A Serasa ainda registrou alta na variação anual de inadimplência no segmento, na comparação de abril de 2009 com o mesmo mês do ano passado. A média de devoluções de cheque no mês passado foi de 22,2 a cada mil compensações, 6,2% a mais do que a média de 20,9 cheques observada em abril de 2008.

Na opinião dos economistas da empresa, o salto na avaliação de abril também revela os reflexos da recessão mundial sobre a atividade econômica, que gerou desequilíbrios tanto no fluxo de caixa das empresas como no orçamento doméstico. Entretanto, eles ressaltam que a alta observada no mês passado foi significantemente menor à observada na comparação de março deste ano e o mesmo mês de 2008, de 19,2%, o que na opinião deles sinaliza abrandamento dos efeitos da crise sobre a inadimplência com cheque.

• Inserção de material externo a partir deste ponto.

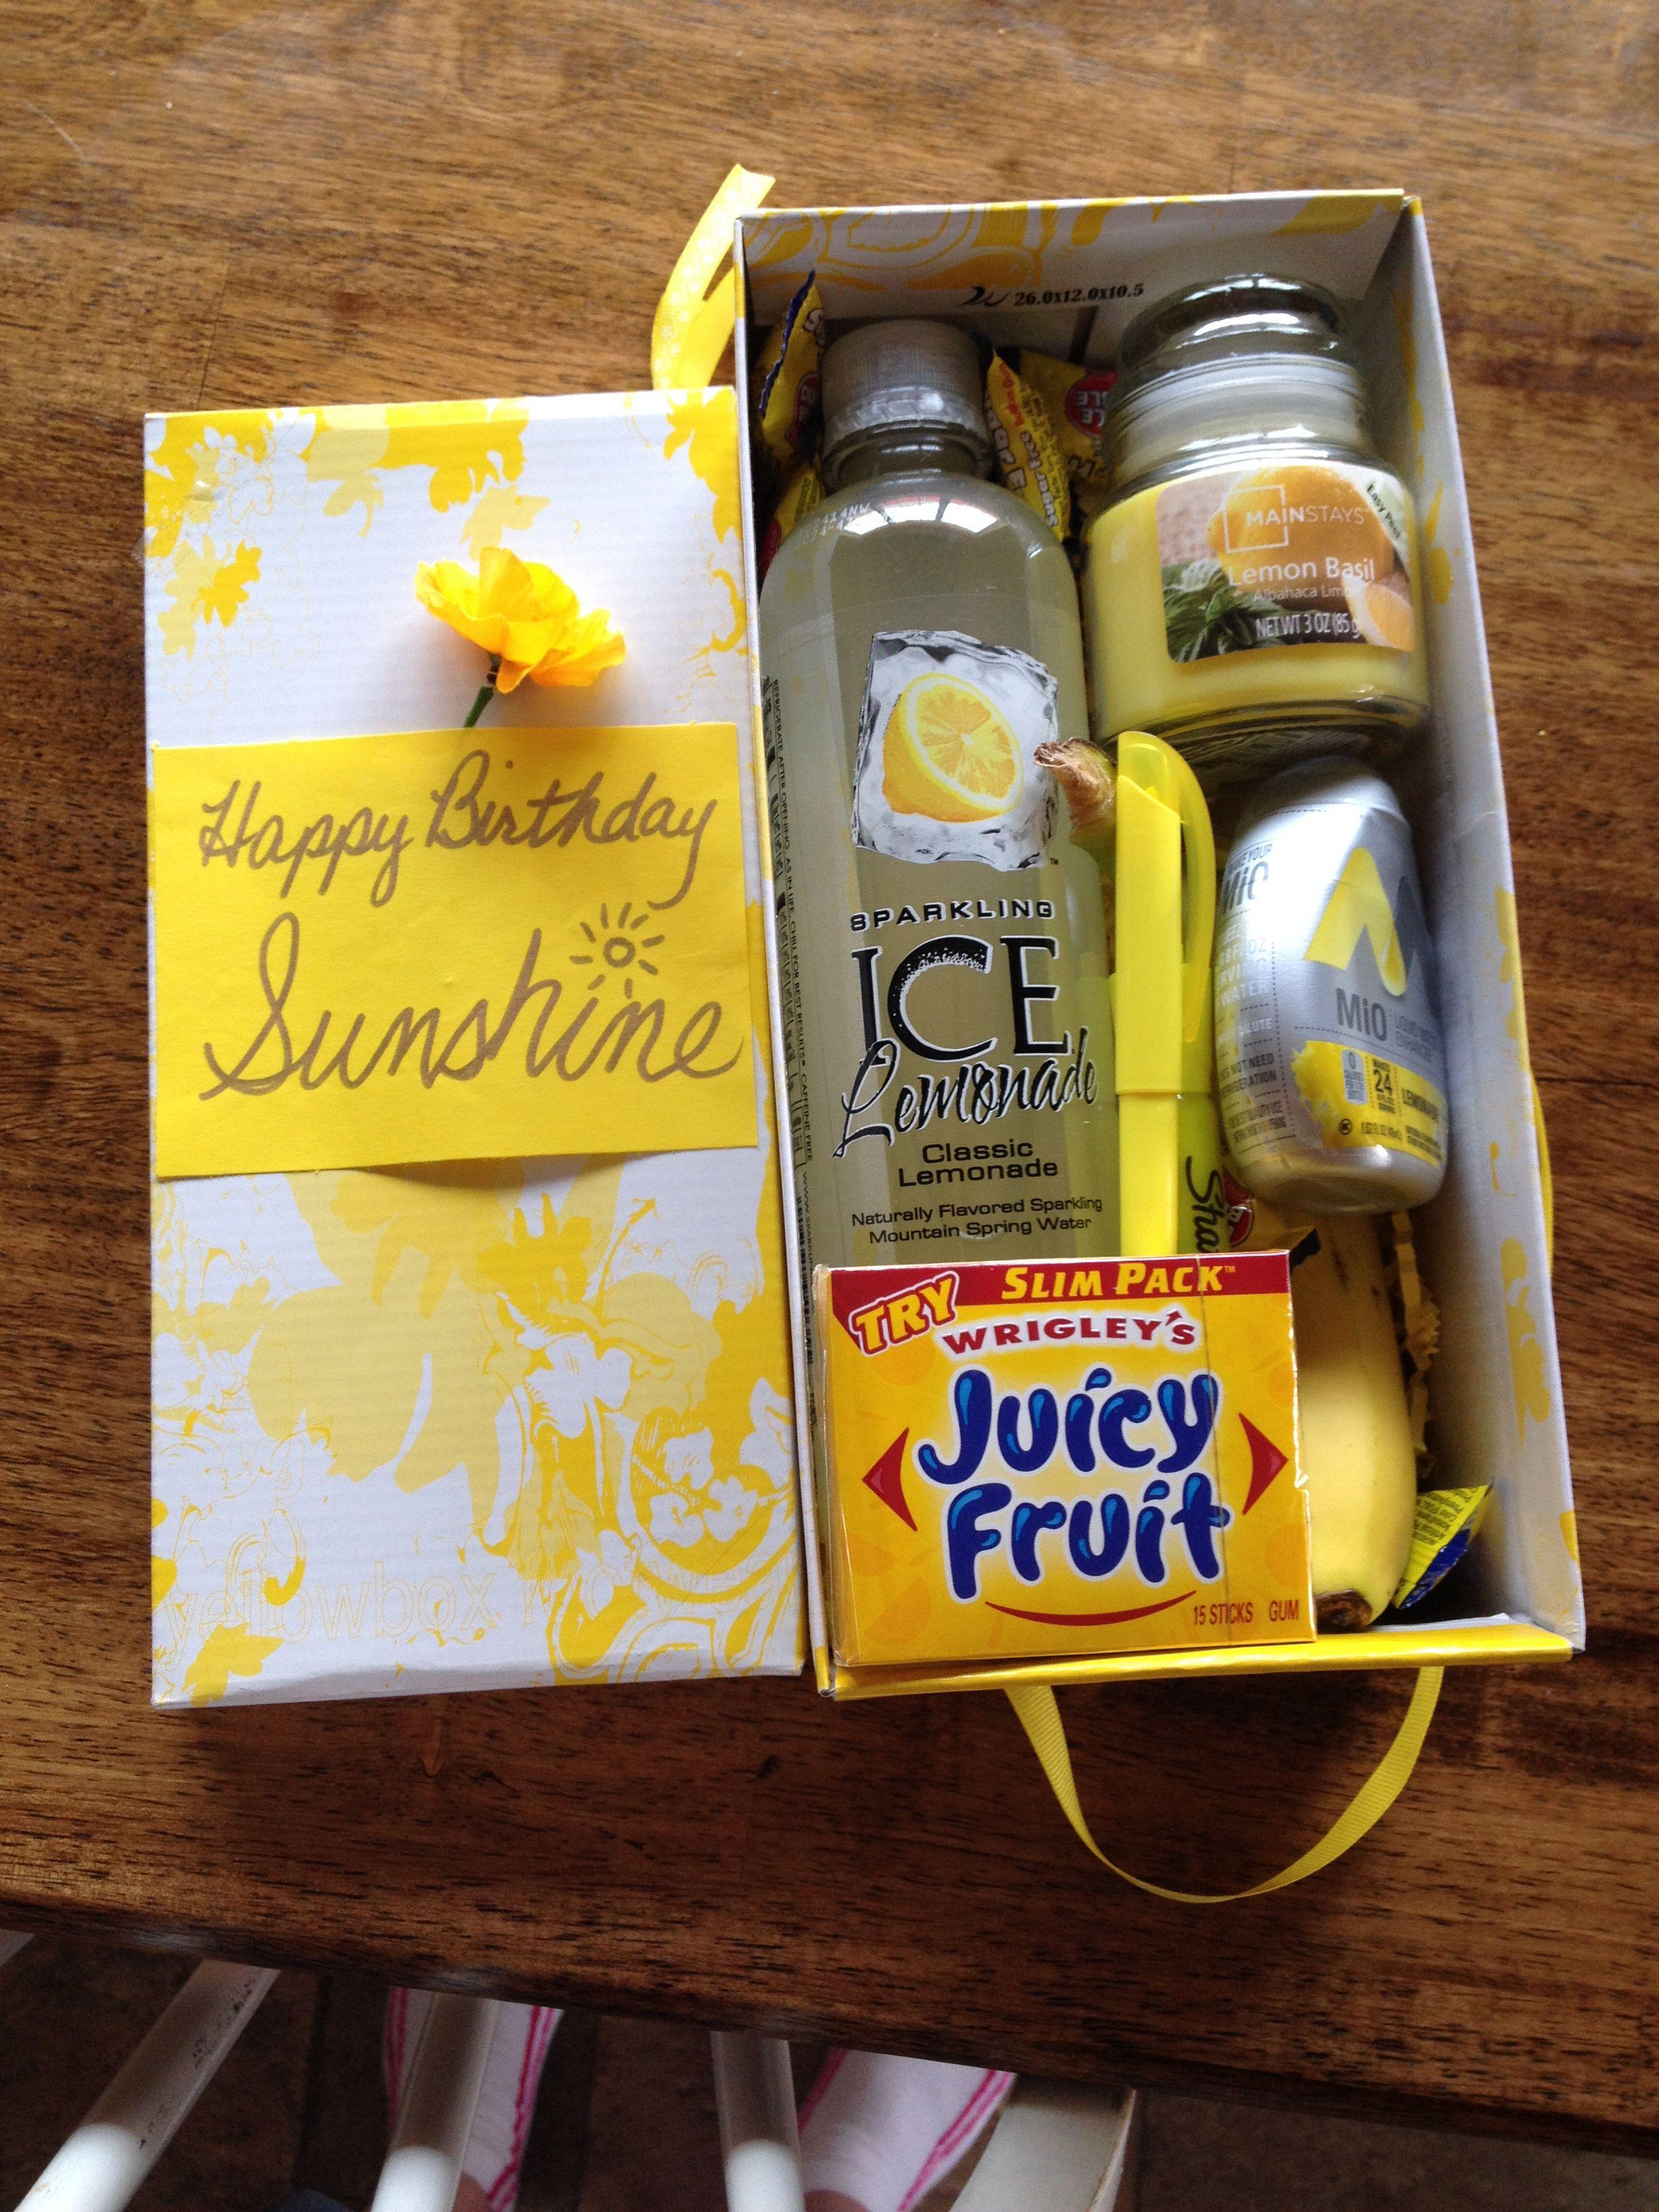 Sunshine in a box. Friend birthday gifts, Sunshine gift

Já na variação mensal, de abril ante março, o volume de cheques devolvidos a cada mil compensados teve queda de 9,8%, após ter apresentado em março ante fevereiro o maior patamar de inadimplência dos últimos 18 anos - média de 24,6 cheques sem fundos para cada mil compensados. Foram devolvidos ao todo 2,75 milhões de cheques, enquanto 112,12 milhões foram compensados.

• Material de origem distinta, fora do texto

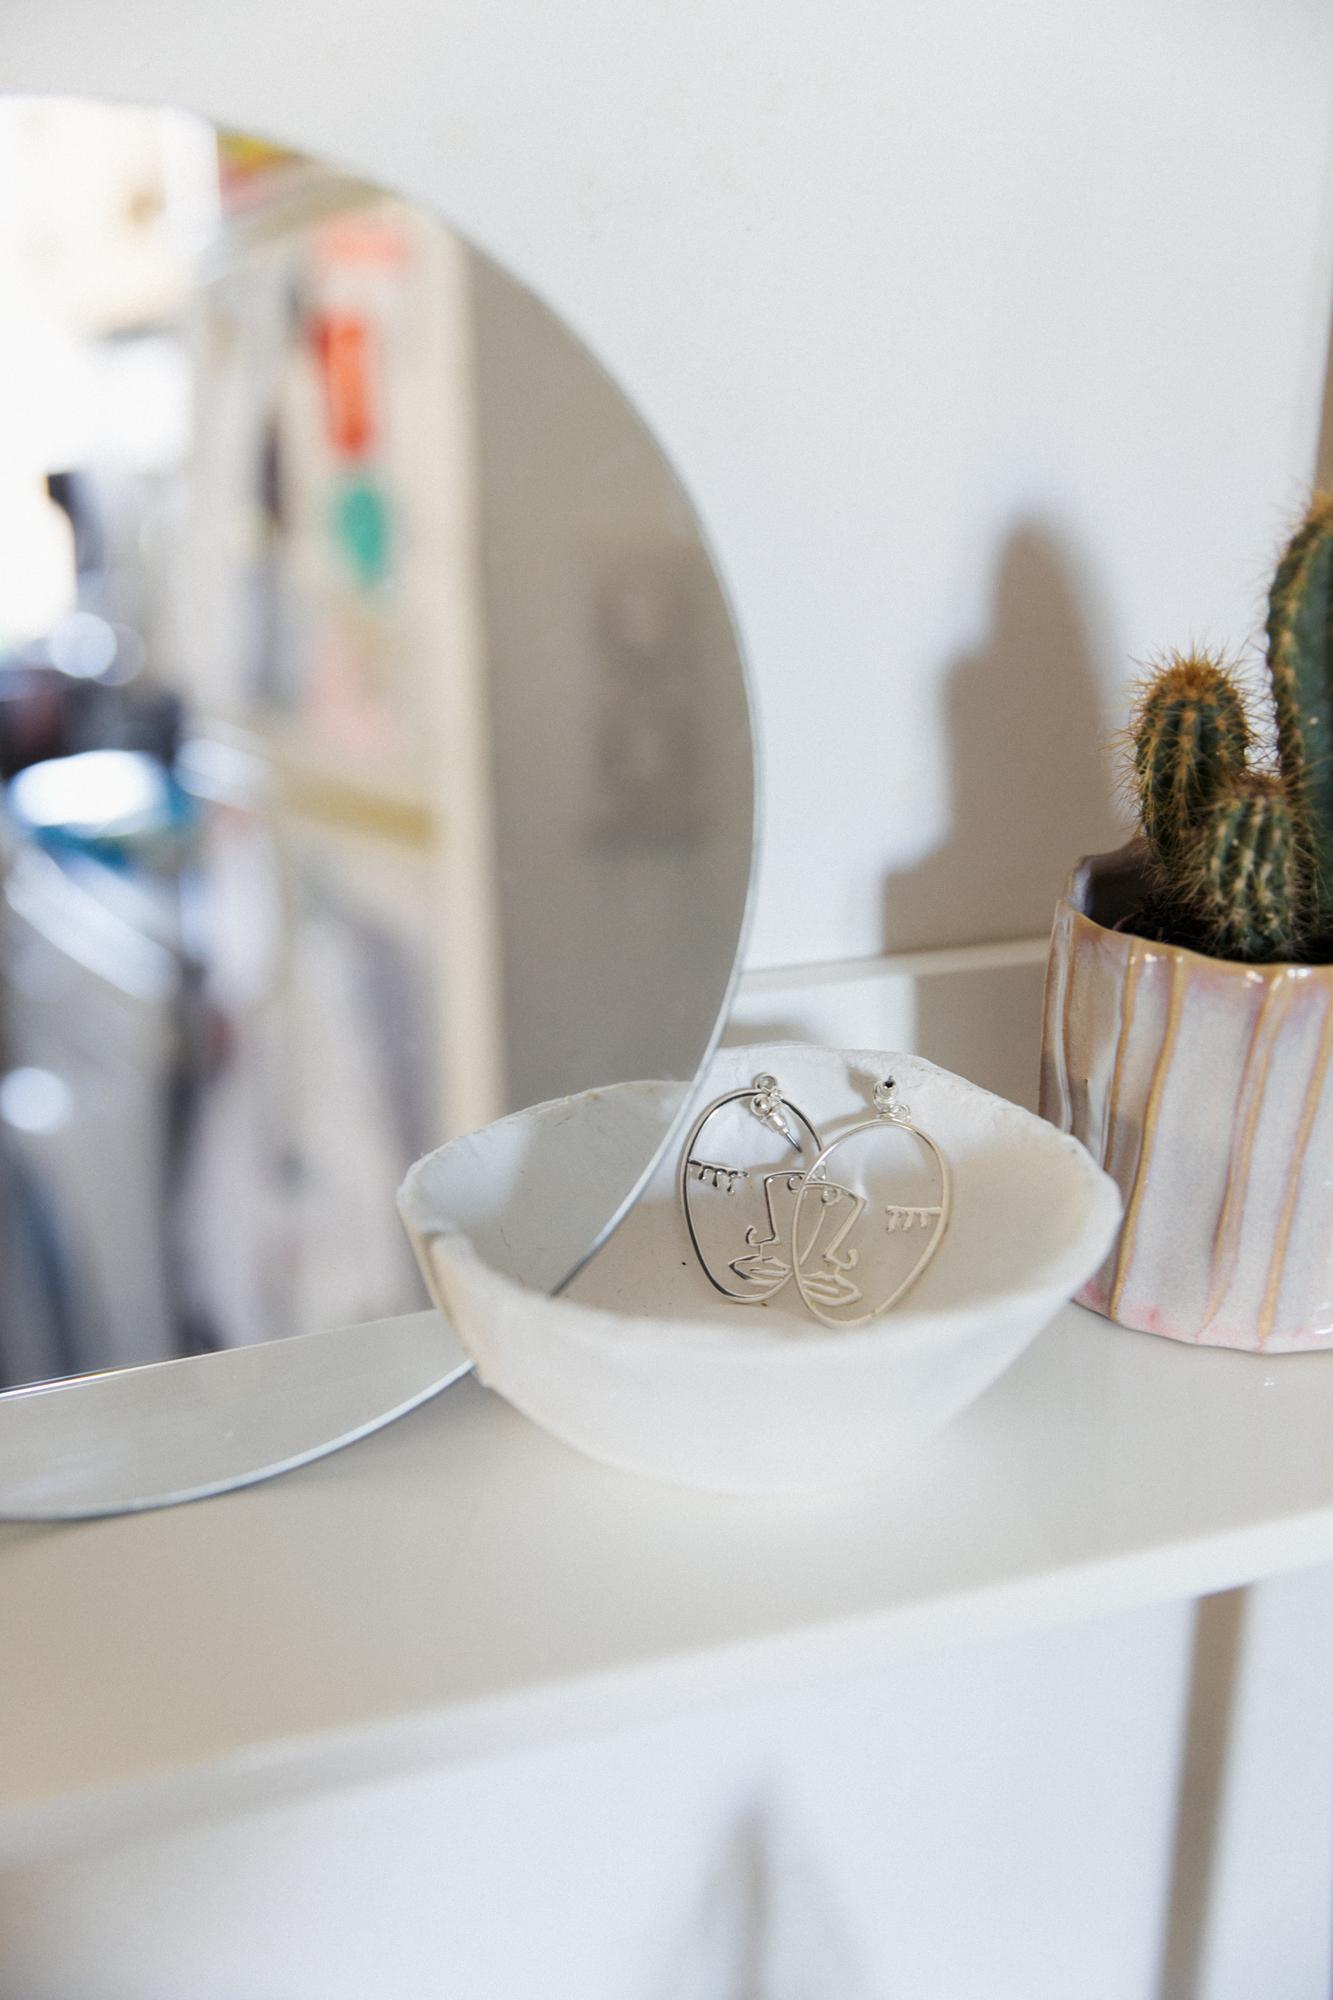 DIY miroir porte bijoux-mirror-jewelry-holder-11

Apesar do recuo mensal ter sido bem recebido pelos economistas, ele não indica suavização dos desdobramentos da recessão no País. A queda deve-se a efeitos sazonais, uma vez que em abril encerra-se o período de acúmulo de gastos de início do ano (IPTU, IPVA, material escolar, pagamentos com compras efetuadas no fim de ano etc.).